Павел Глухов в хореографической инсценировке неоконченной пьесы «Игроки» подпал под власть нарратива и отчасти запутался в изложении сложносочинённой интриги. Кто есть кто в его композиции, понять непросто, и, может быть, от того, что тему игроков он напрямую воспринял как тему карточной игры, что увело от наблюдений за человеческой природой, чем «Игроки» (игрой с жизнью, а не игрой в карты), собственно, и манят драматический театр. Не помог и зелёного сукна ломберный стол, водружённый в центр сцены, простодушно принятый Глуховым за главный драматургический образ пьесы. Дмитрий Антипов в миниатюре «Выклик» по мотивам «Майской ночи» под замечательные песни Николая Лысенко нарисовал пейзажную картину, собрав вокруг центрального персонажа Лёвка стройный девичий хор. Дальше этники и фольклористики по типу хореографии не пошёл, но внёс в общую панораму важную для понимания поэтики Гоголя краску. Точным выбором музыки («Петя и волк» С. Прокофьева и музыкальный фольклор) Арина Панфилова обеспечила себе и своей Солохе («Ночь перед Рождеством») верный гоголевский тон и не подменила лукавую мистику бытовой раскраской сюжета. Незадачливые ухажёры то ли женщины, то ли ведьмы превратились у хореографа в персонажей современных анимационных инсталляций (люди и мешки одновременно), а сама Панфилова как исполнительница создала сочный жанровый образ, совпадающий по колористике с прототипом — Солохой Гоголя.

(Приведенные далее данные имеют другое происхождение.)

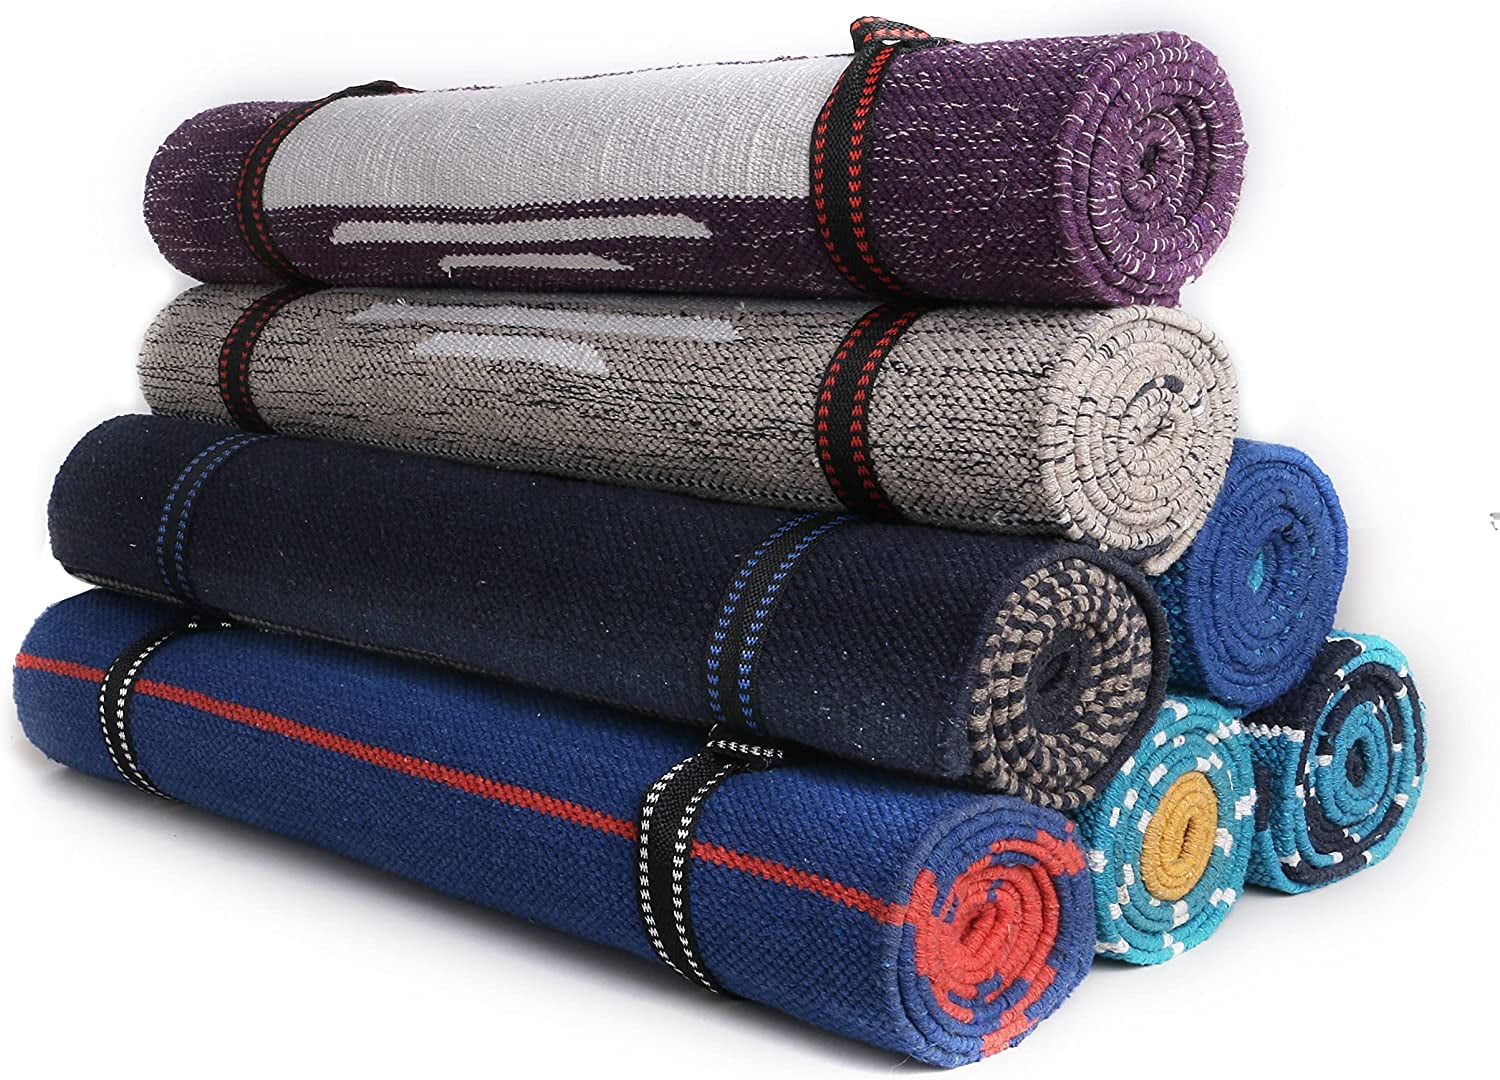 KD Cotton Yoga Mat Hand Woven Yoga Mat Eco Freindly Organic Handloom Mat  Supreme Heavy Quality with Carry Strap- 24 x 72 Exercise Mat - Navy Blue  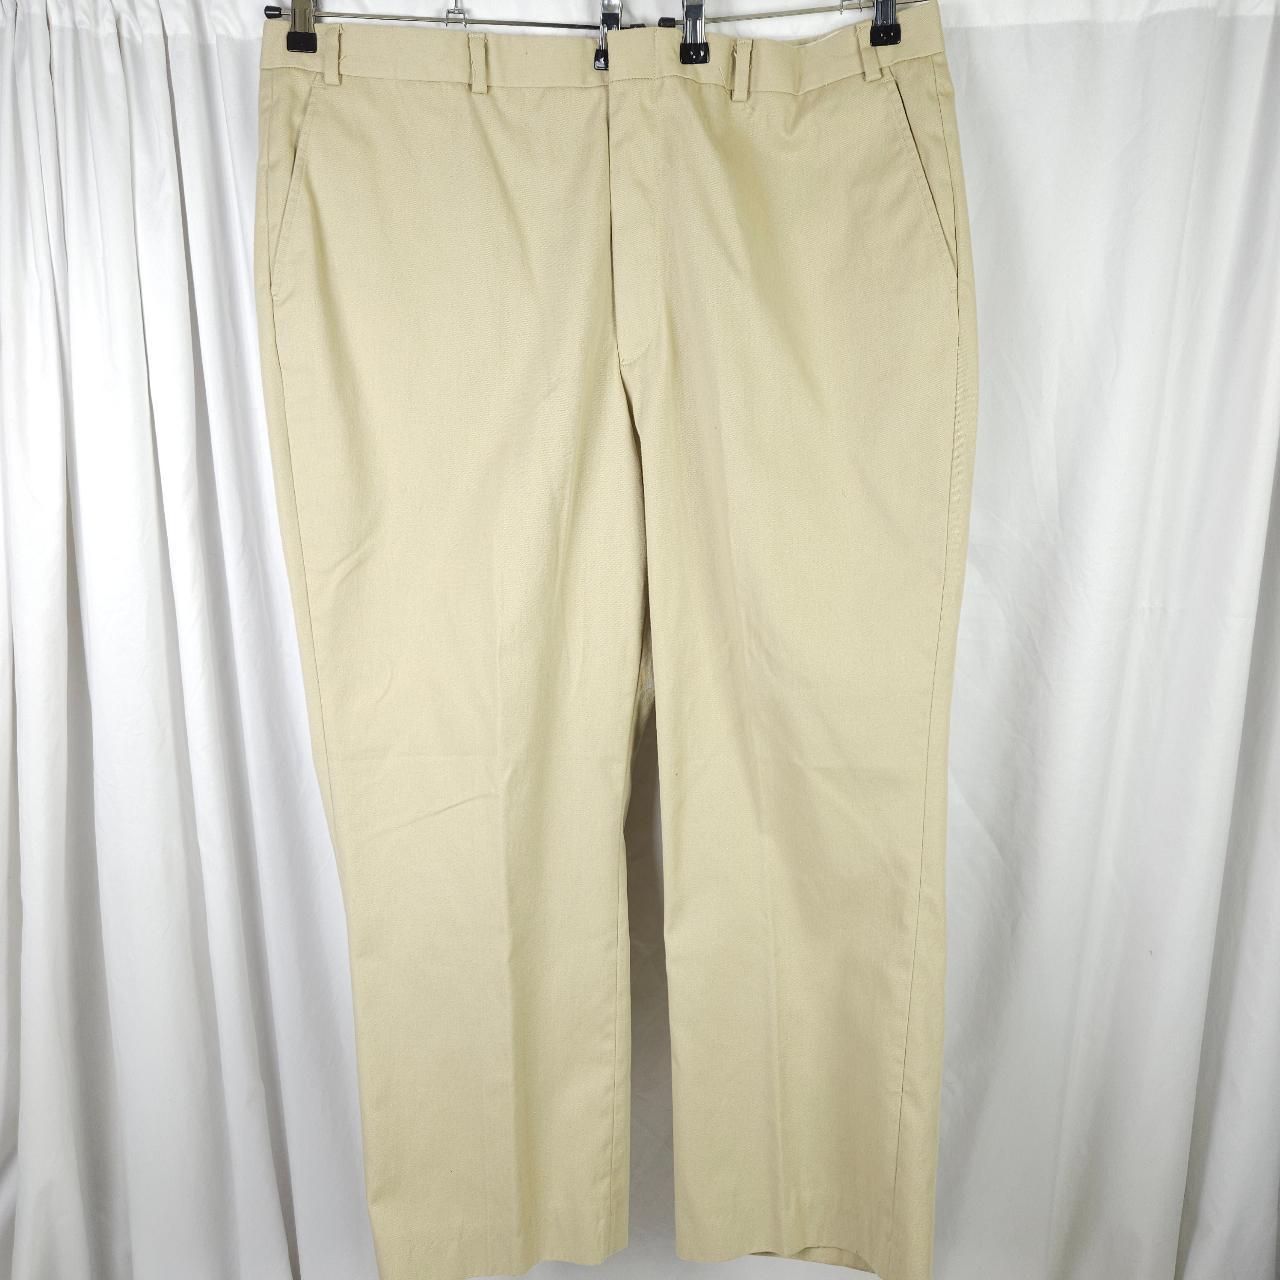 Vintage L.L. Bean Mens Chino Beige Pants Made In USA...

Безупречный по режиссёрской выверенности и многосложный по танцевальный лексике номер «В дороге» (музыка М. П. Мусоргского и Г. В. Свиридова) Елена Богданович поставила не как парафраз к авторским лирическим зарисовкам в «Мертвых душах», но — шире — как реплику к биографии, нераздельной с творчеством самого Гоголя. Мотив дороги с рефреном «Русь! Куда же несёшься ты? Дай ответ...» превратился у Богданович в трёхчастном по форме маленьком спектакле в своего рода мифологему, предвосхитившую кульминацию вечера — «Авторскую исповедь» в постановке Александра Могилёва.

У Гоголя в очерке-ответе на критику «Выбранных мест из переписки с друзьями» ценно признание: «Я не совращался с своего пути. Я шёл тою же дорогой. Предмет у меня был всегда один и тот же: предмет у меня был жизнь, а не что другое», и это признание Могилёв разворачивает в полную драматических коллизий борьбу автора за себя и своих персонажей. Здесь всё построено на внутреннем конфликте и доводящей до душевных припадков рефлексии, изнуряющей писателя в диалоге с самим собой и читателем, перед коим он выставляет портреты и характеры собственных сочинений. Могилёв выбирает безупречное сопровождение своему монологу — музыку К. Сен-Санса и компьютерную графику художнику Вадима Миргородского, чёрно-белое поле которой насыщается непокойным и бегущим за истинами познания почерком Гоголя. «Авторская исповедь» через экспрессивный танец Могилева сходится с его же исповедью как хореографа и исполнителя, не оставляя зазубрин в переводе словесного текста на танцевальный язык.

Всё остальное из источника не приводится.